■ **WORK ITEM**: Repeat the listing that follows exactly. Pictures are not part of the copy.

■ **GIVEN INFORMATION**:
--- START ---

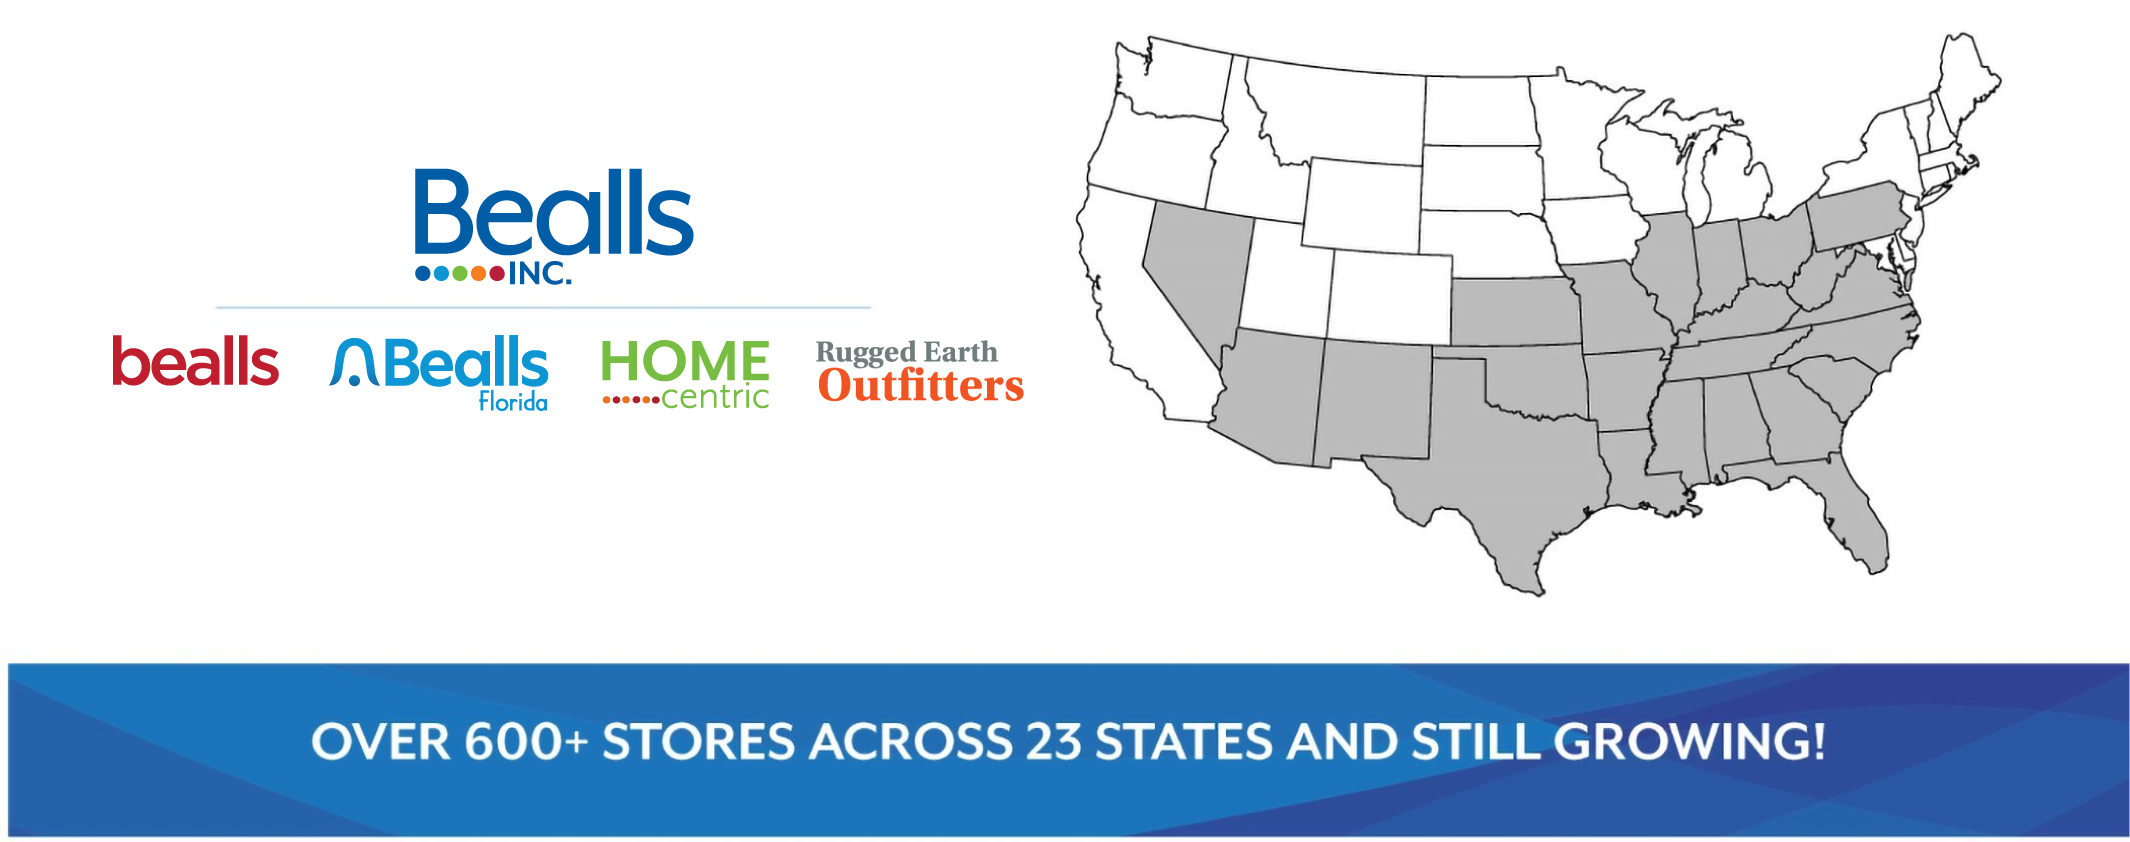 Over 600* stores in 23 states and still growing!
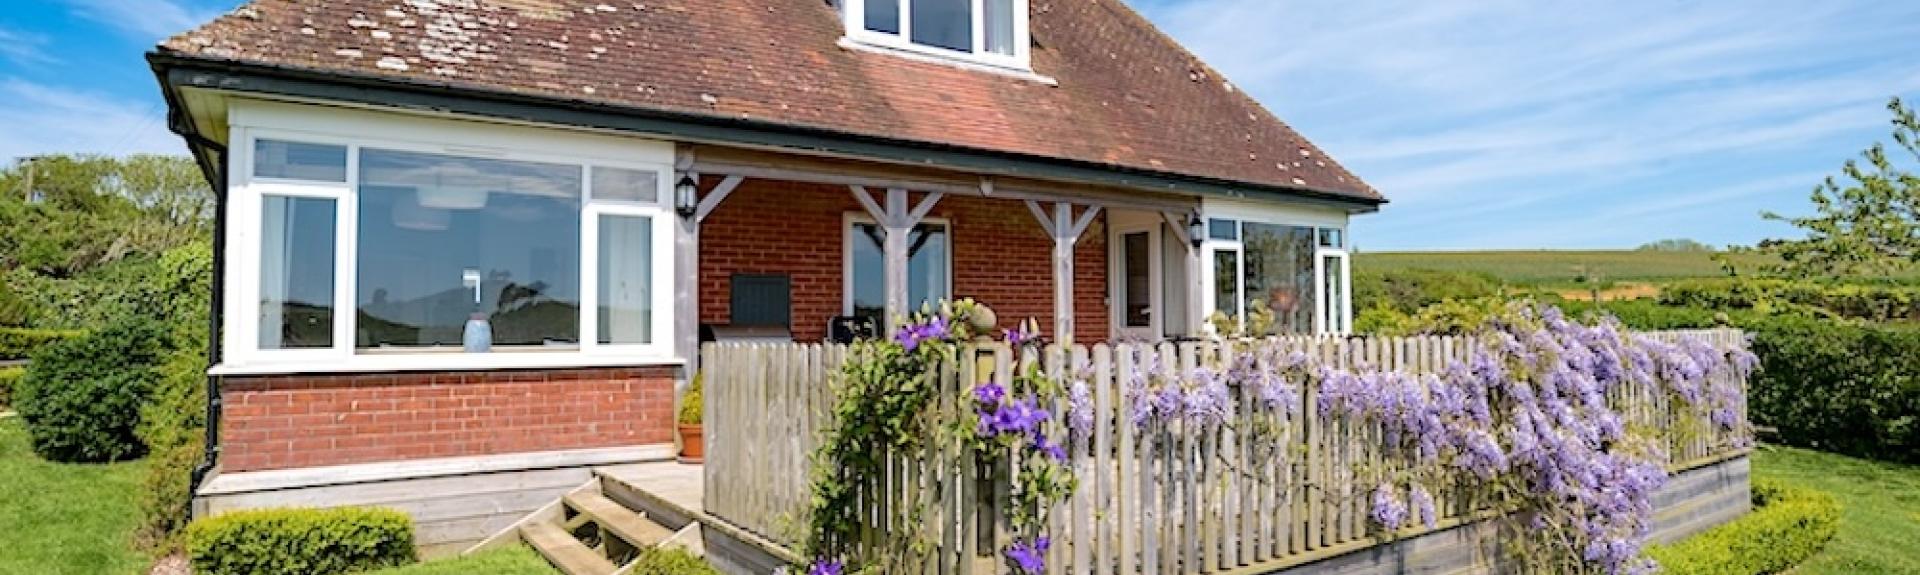 1930s-style detached chalet bungalow with a paved deck surrounded by lawns and the Dorset countryside.
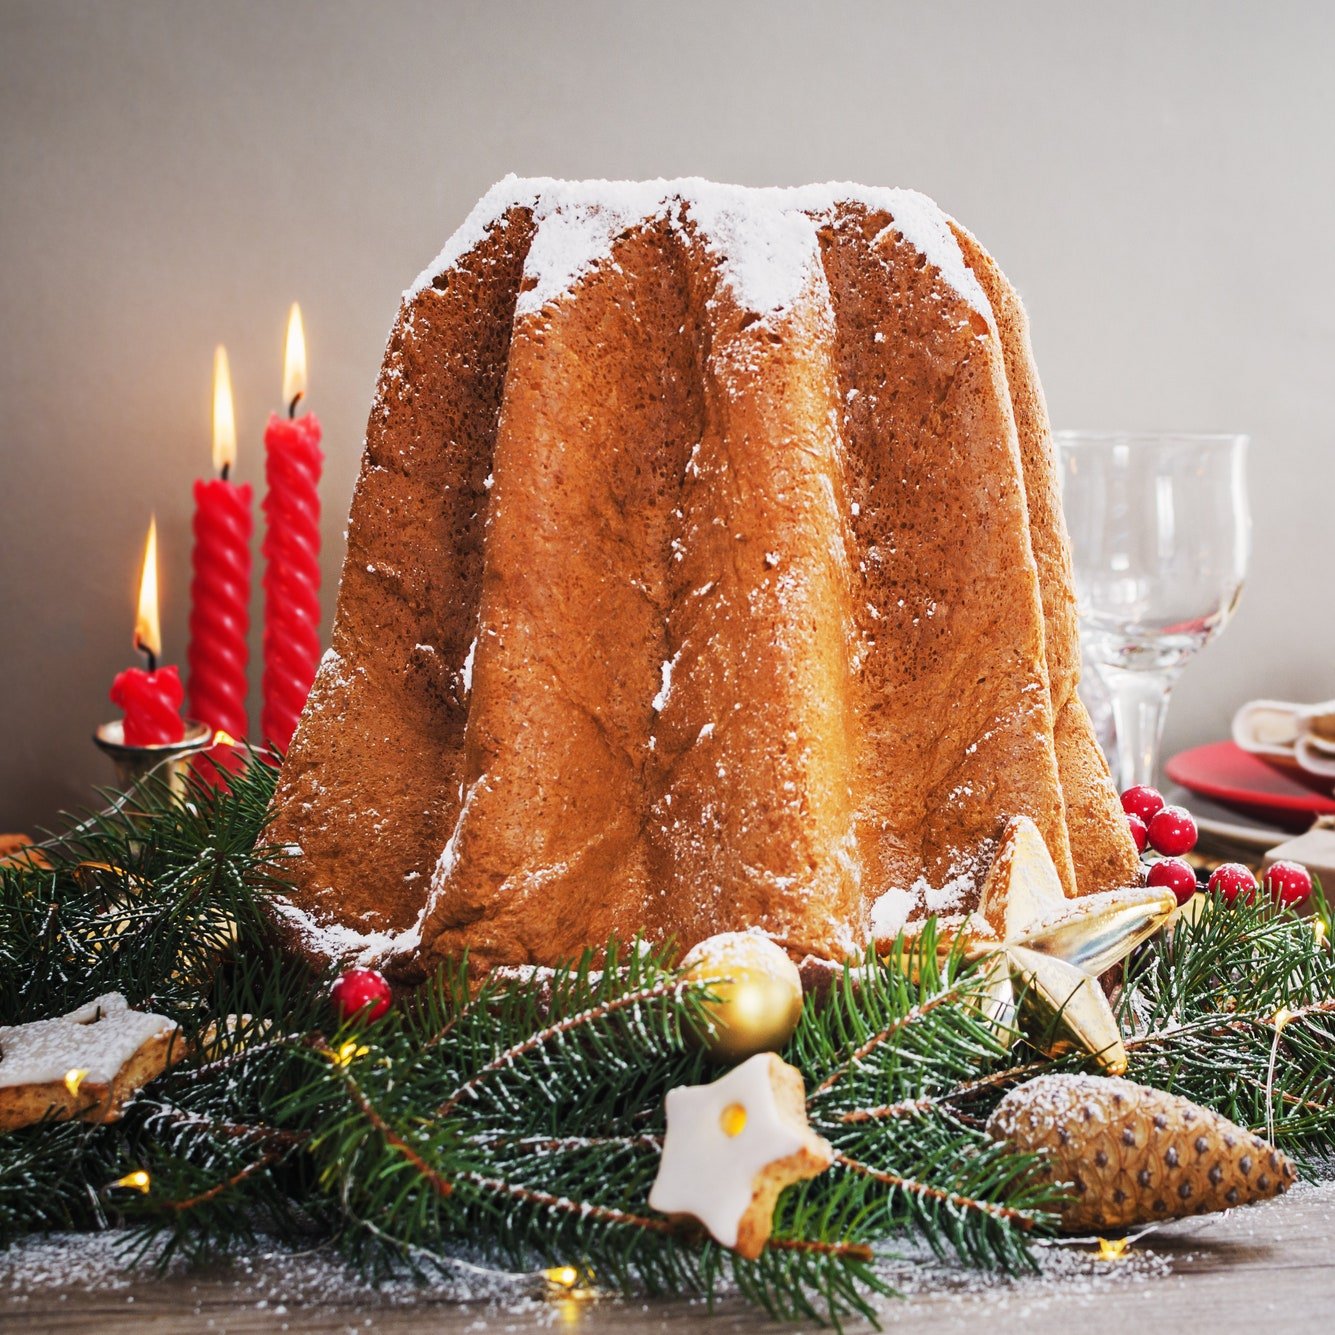 Crazy for Pandoro: Where to Find the Classic Italian Holiday Cake

--- END ---

■ **SOLUTION**:
 Over 600* stores in 23 states and still growing!
 1930s-style detached chalet bungalow with a paved deck surrounded by lawns and the Dorset countryside.
 Crazy for Pandoro: Where to Find the Classic Italian Holiday Cake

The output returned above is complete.